Sound Bank Diversity
Today we have a large number of sound banks at our disposal. They became an inevitable part of music production starting from famous redesigned synthesizers like Moog and Oberheim, all the way to complex live string and drum ensembles. Consequently, the dedication with which these sound libraries are made is just stunning and they sound genuinely realistic. In the next tutorial, I will speak about one of these banks which is based on a completely different idea regarding layering and blending of the number of sound sources.
Galaxy-X by Best Service
The Galaxy-X by Best Service is a stunning new instrument. At its core, it is a convolution synthesizer creating exceptional sounds by using extraordinary sound design, FX convolution. Fx convolution basically refers to a very special interaction between two sounds creating a stunning new one. This convolution process which develops one of the kind sounds is quite complicated but Galaxy-X makes it easy and intuitive to handle. That’s is because the Galaxy-X for the first time unites all the elements of the convolution in one integrated system within one virtual instrument. In this tutorial, we will look at the Galaxy-X interface and explain how it works. So without further delay let’s start!
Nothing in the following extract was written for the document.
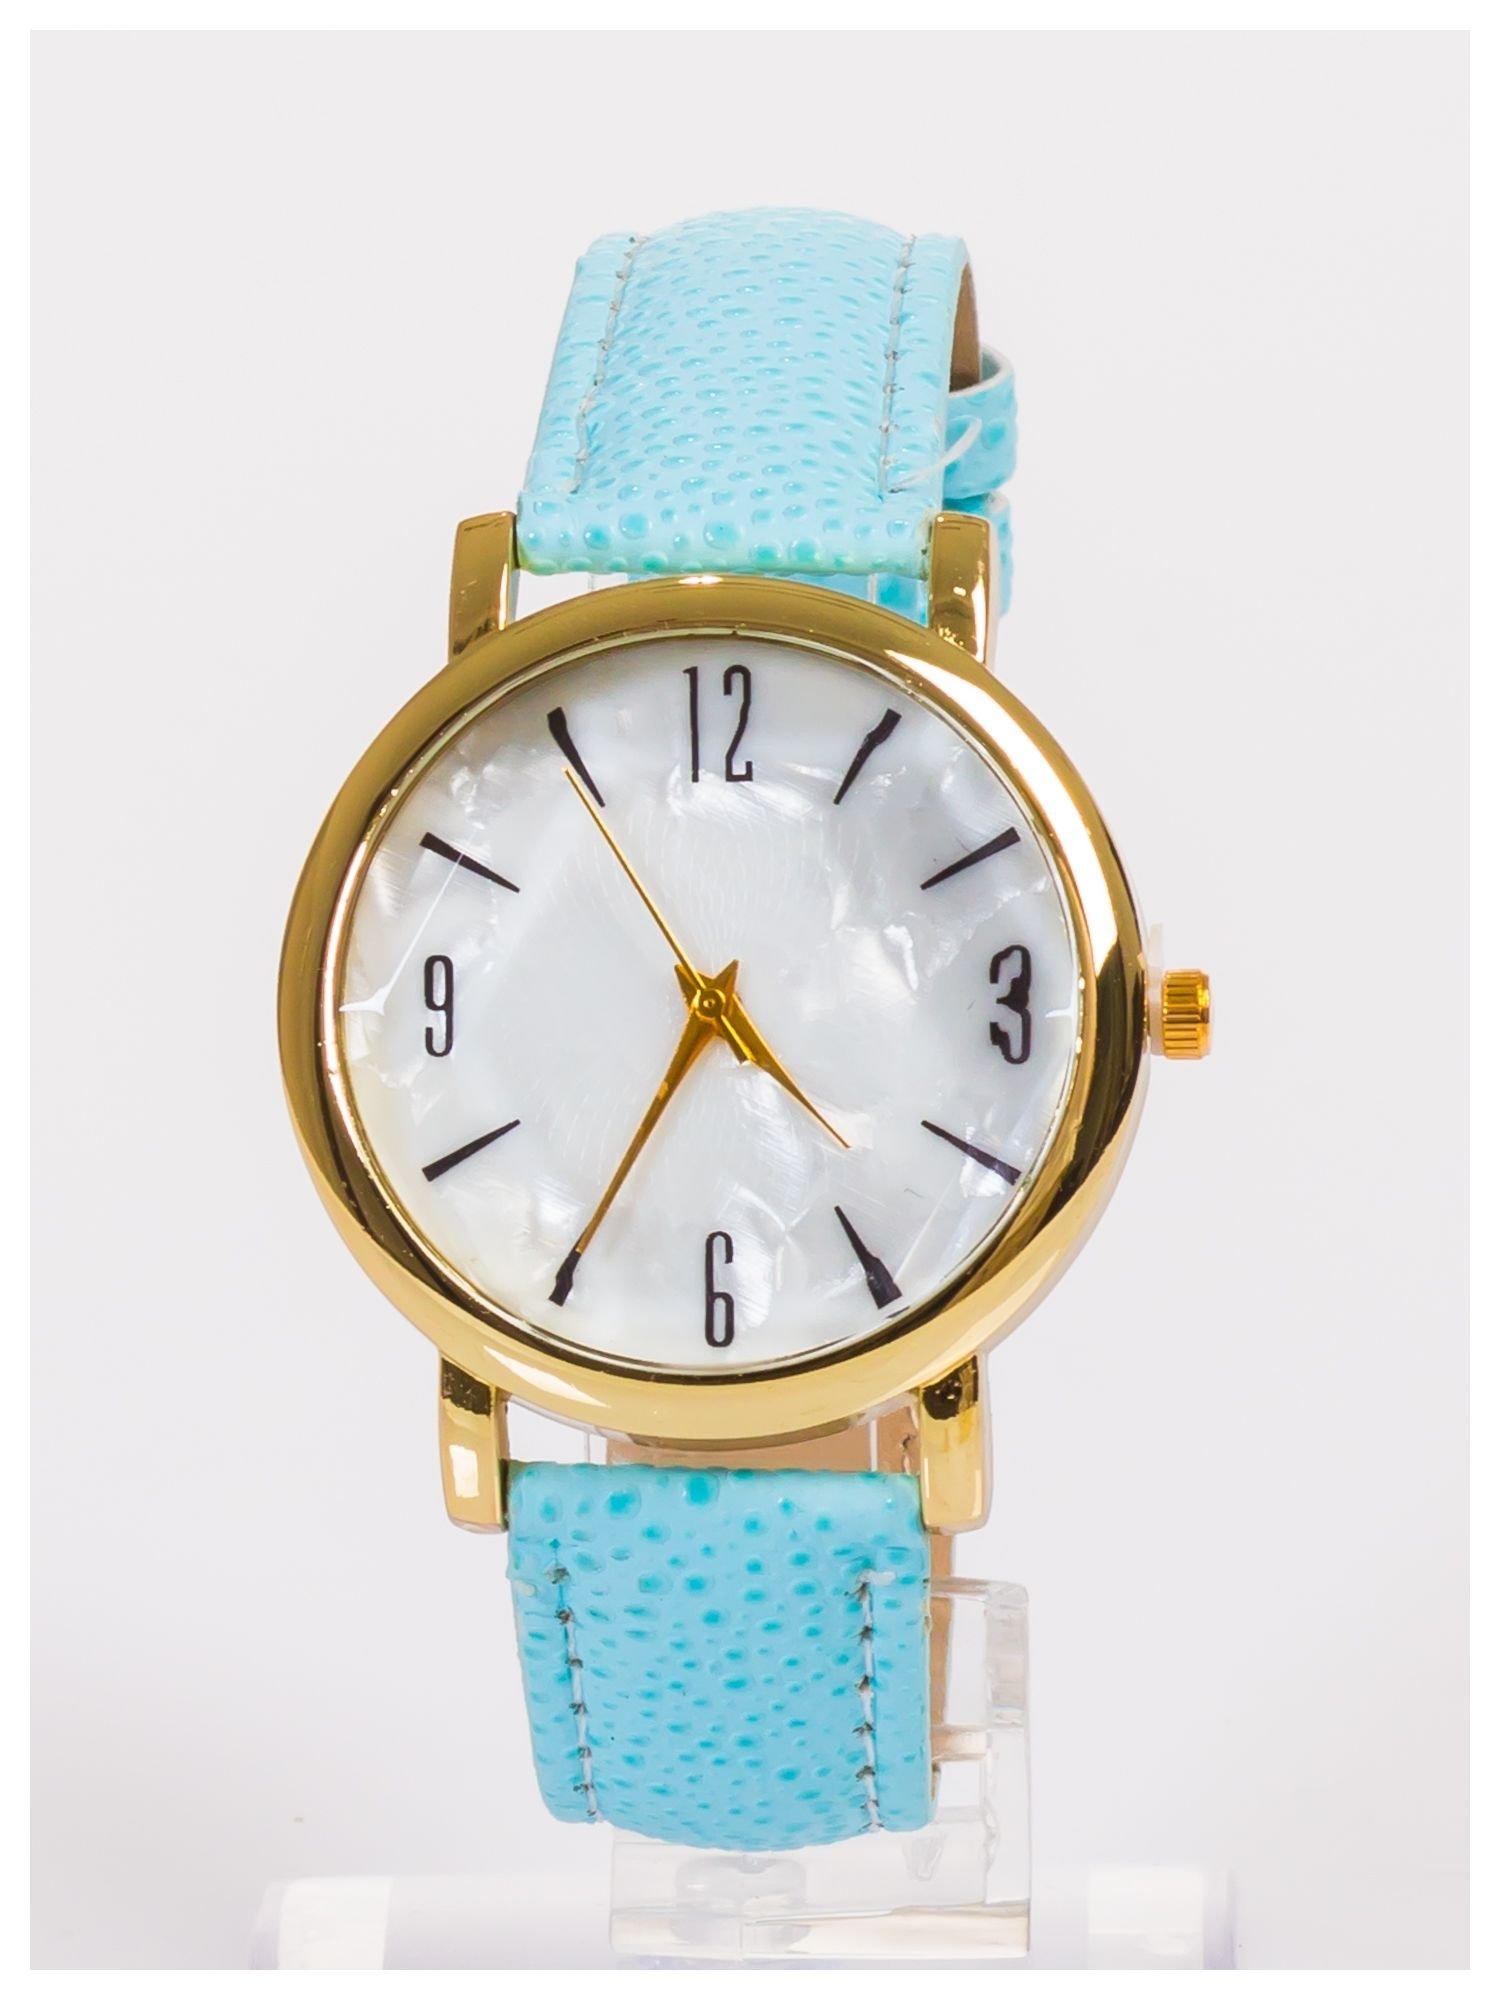 Damski zegarek z dużą i wyraźną perłową tarczą                                  zdj.                                  1

As Galaxy-X requires a base sampler to work, I will load a fresh instance of the Engine 2 into a new MIDI channel within Soundbridge. Engine 2 is a sampler instrument much like Kontakt player by Native Instruments which you will need to install separately.
Upon opening of the Engine 2 interface, we can see the “add layer” icon on the top right part of the interface. By clicking on it we have loaded new, empty, layer. Within the layer, if we click on empty blue space next to the on/off sign, we are switched to the browser which is showing the list of the sound banks. In this case, I will choose a preset from Galaxy-X FX bank.
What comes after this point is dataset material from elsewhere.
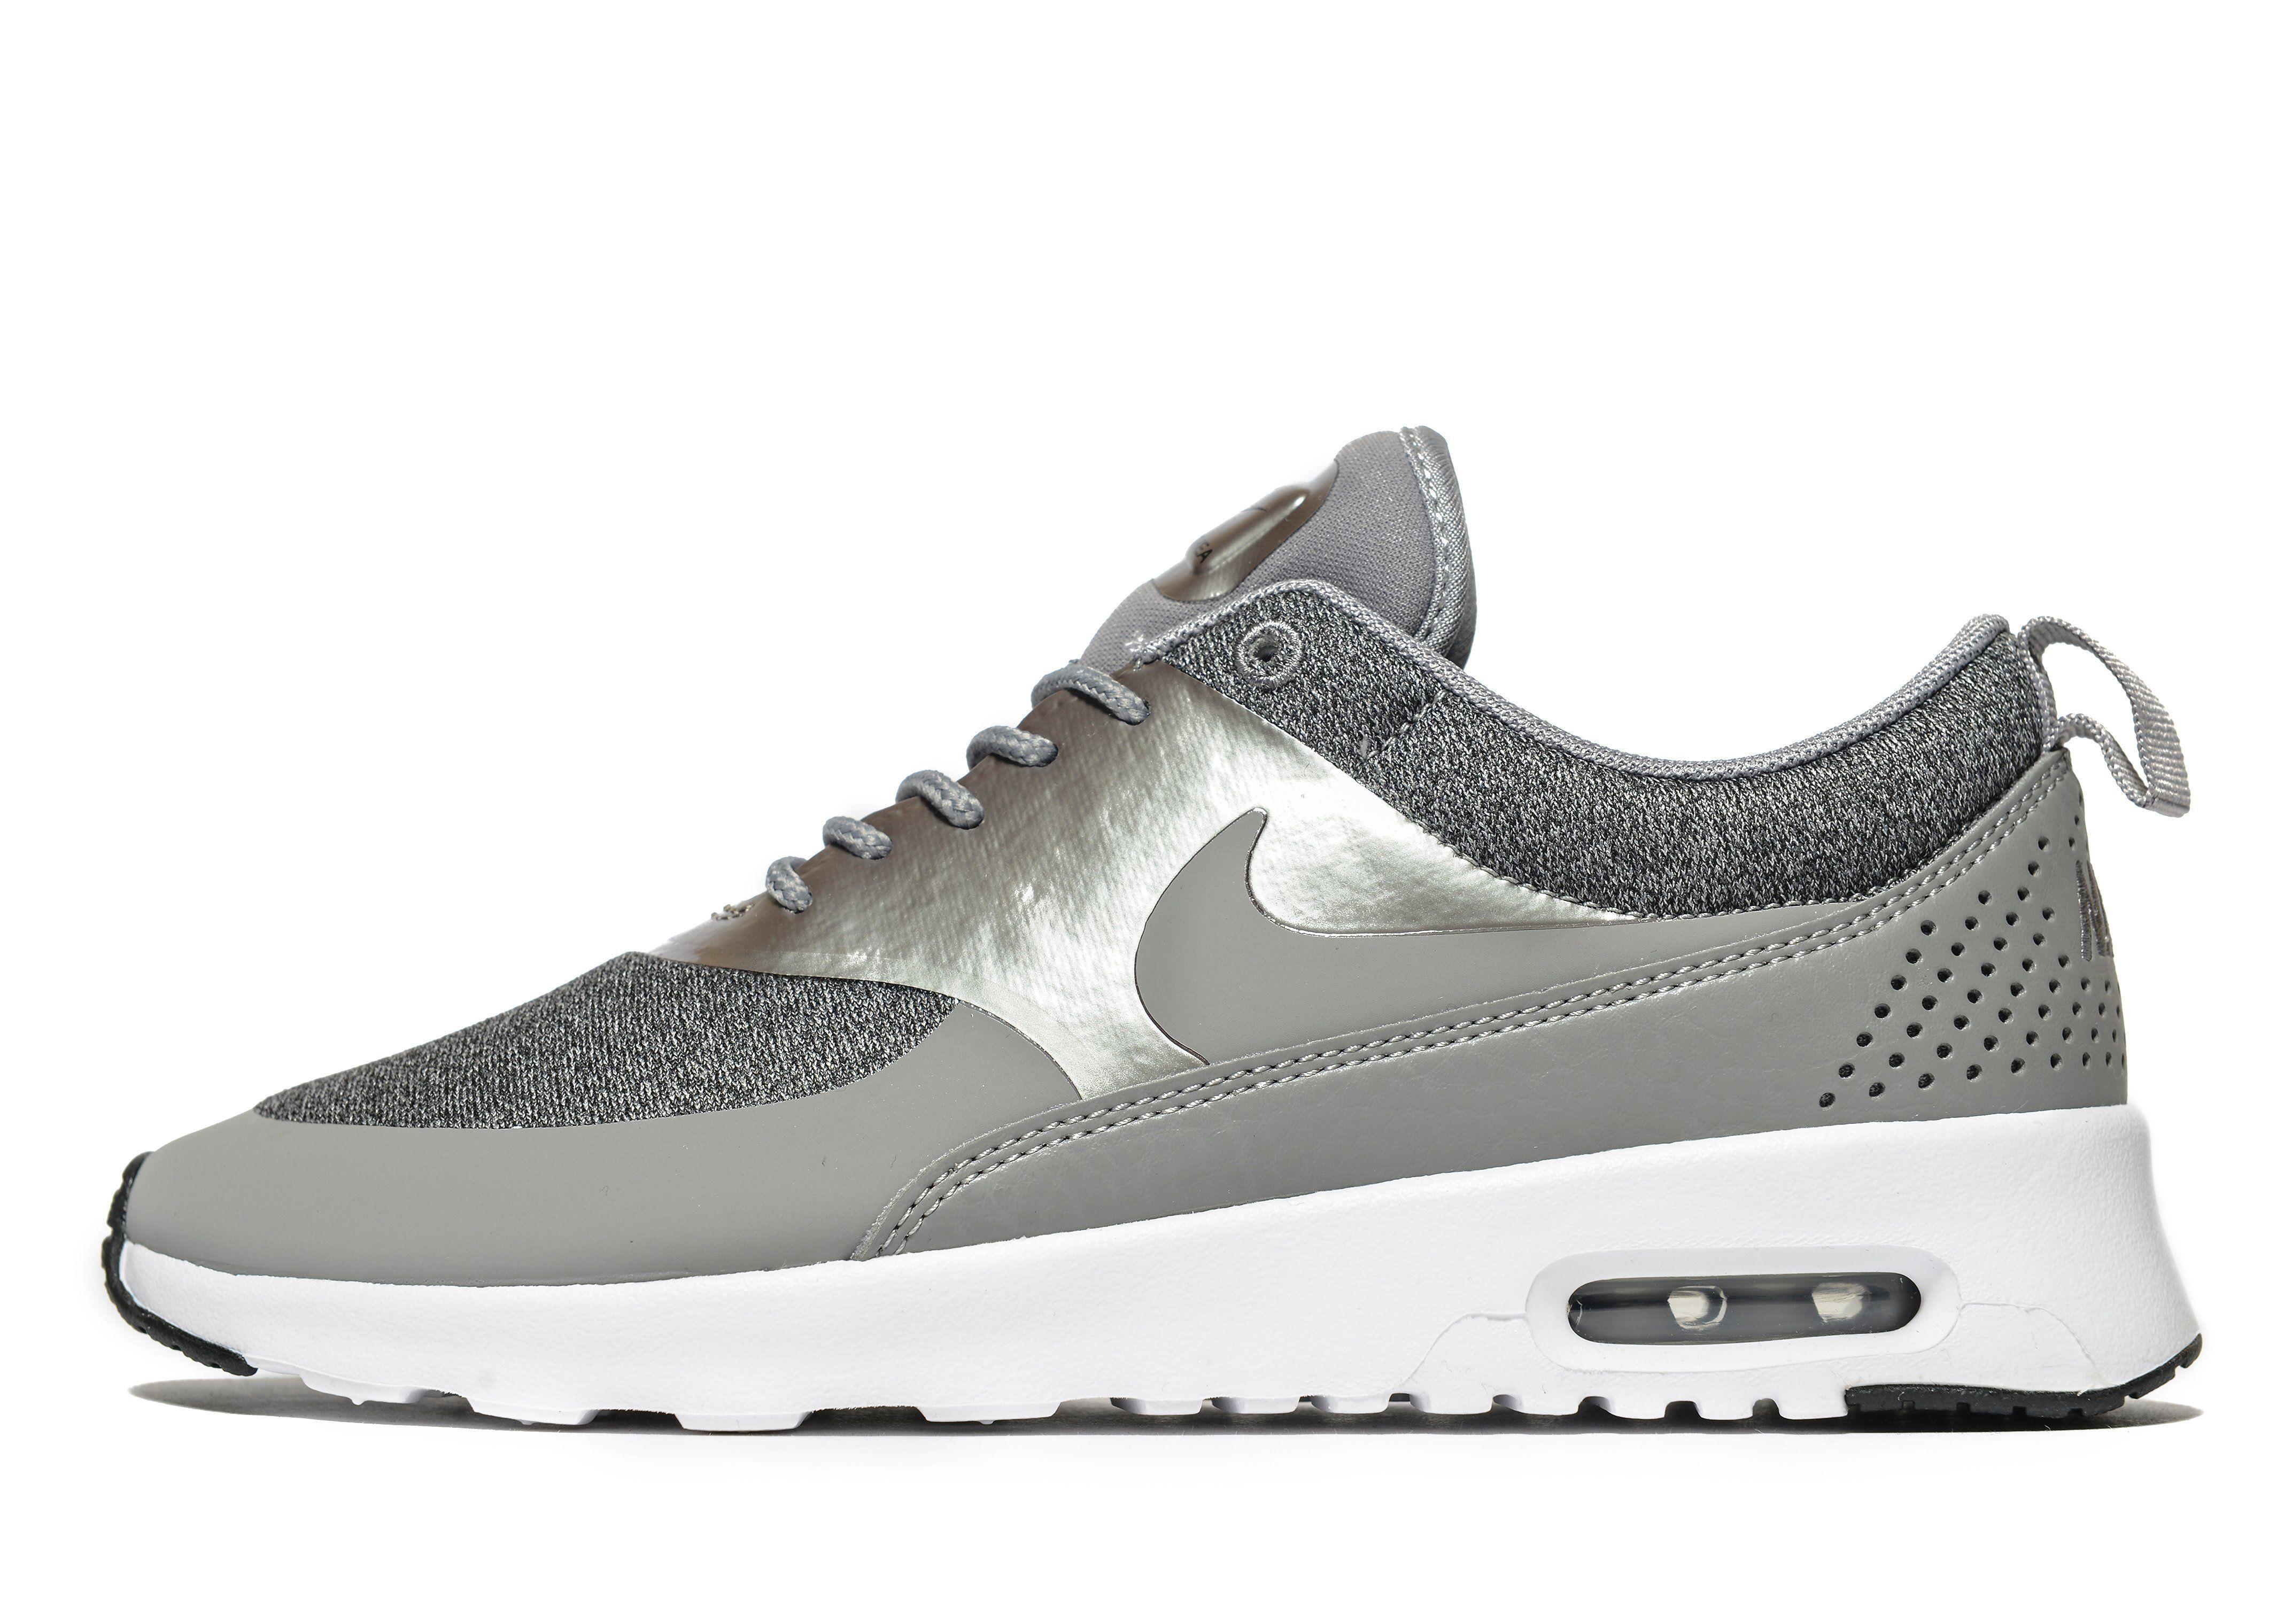 Nike Air Max Thea Strick Damen Online Shoppen für (: Titel

Once we are done with that, the user interface of Galaxy-X will appear under “Quick Edit” tab. Furthermore, the user interface is divided into 4 sections set around the centre. Their chronological order also describes the sounds way thru modules. It begins with the sources, followed by the pre-X engine, the X engine itself and finally the post X engine.
It all starts with the top triangle, which is a source module containing thousands of basic sample sets. So, depending on the layer category, these three layers can be a mix of effects, loops or tonal instruments. Keep in mind that convolution means a combination of the two sounds creating a third one. In addition to this, the next in line is the pre X engine which contains effects like dirt, bit crusher, and ruin. You can use them to make the sound distorted. Below that you can choose different arpeggios and groves and there is a repeat effect which is basically a well-designed delay effect.
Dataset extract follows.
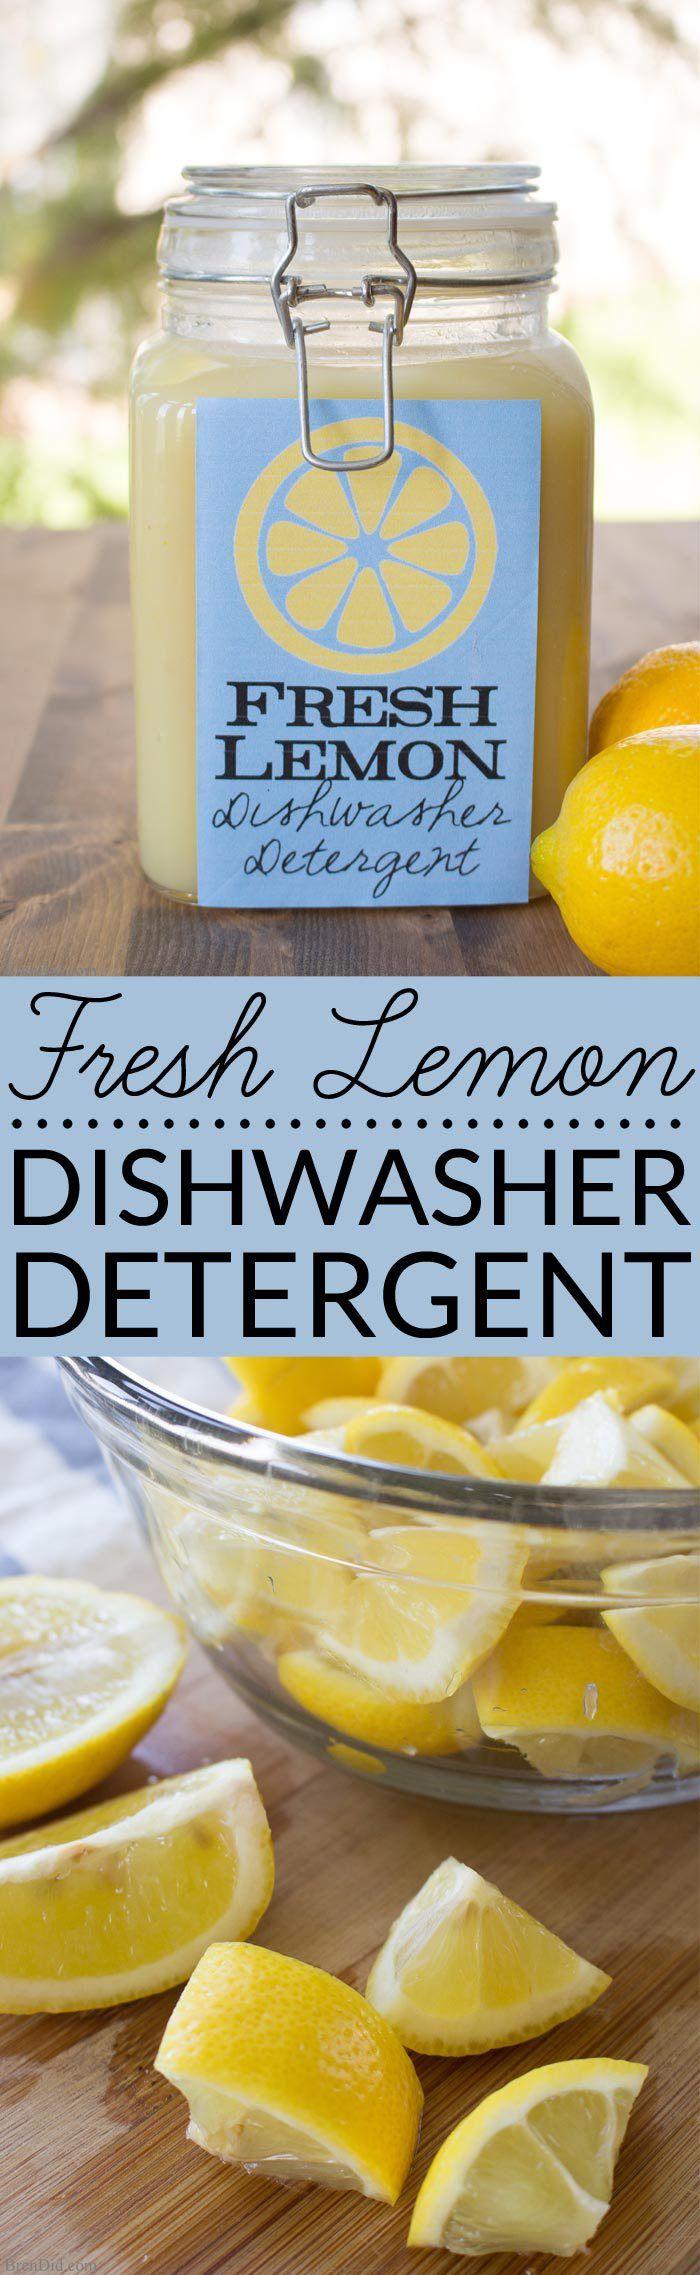 Fresh Lemon Homemade Dishwasher Detergent uses real lemons, salt and vinegar to...

After that, the already processed sound meets its counterpart in the convolution module of X, the X engine. Usually, the convolution sound files are called “impulse responses” referring to the way they are created. But as these convolution files in X are much more diverse, the creators choose to call them “ The X files “. You can find around 8000 of them in the drop-down menu just above the knobs. Now let’s hear how the Galaxy X sounds with different combinations of the “ X files “.
~Galaxy X – module 1
This was just the basic sound coming from module 1, which is made from 3 different sounds generating a drum loop. Now let’s move to the second module where I will engage some distortion and delay to spice the sound up.
~Galaxy X – module 1 and 2
Next, let’s engage the heart of the Galaxy-X, the X file and hear how it nicely blended some airy chord sound onto the drum loop.
~Galaxy X – module 1,2 and 3
In the end, we can engage the last module named Post X. This module features a couple of effects designed to finalize the sound. Rotate, for stereo effects, EQ and filter, space (which is a convolution reverb) and finally controls for dynamic range and output level.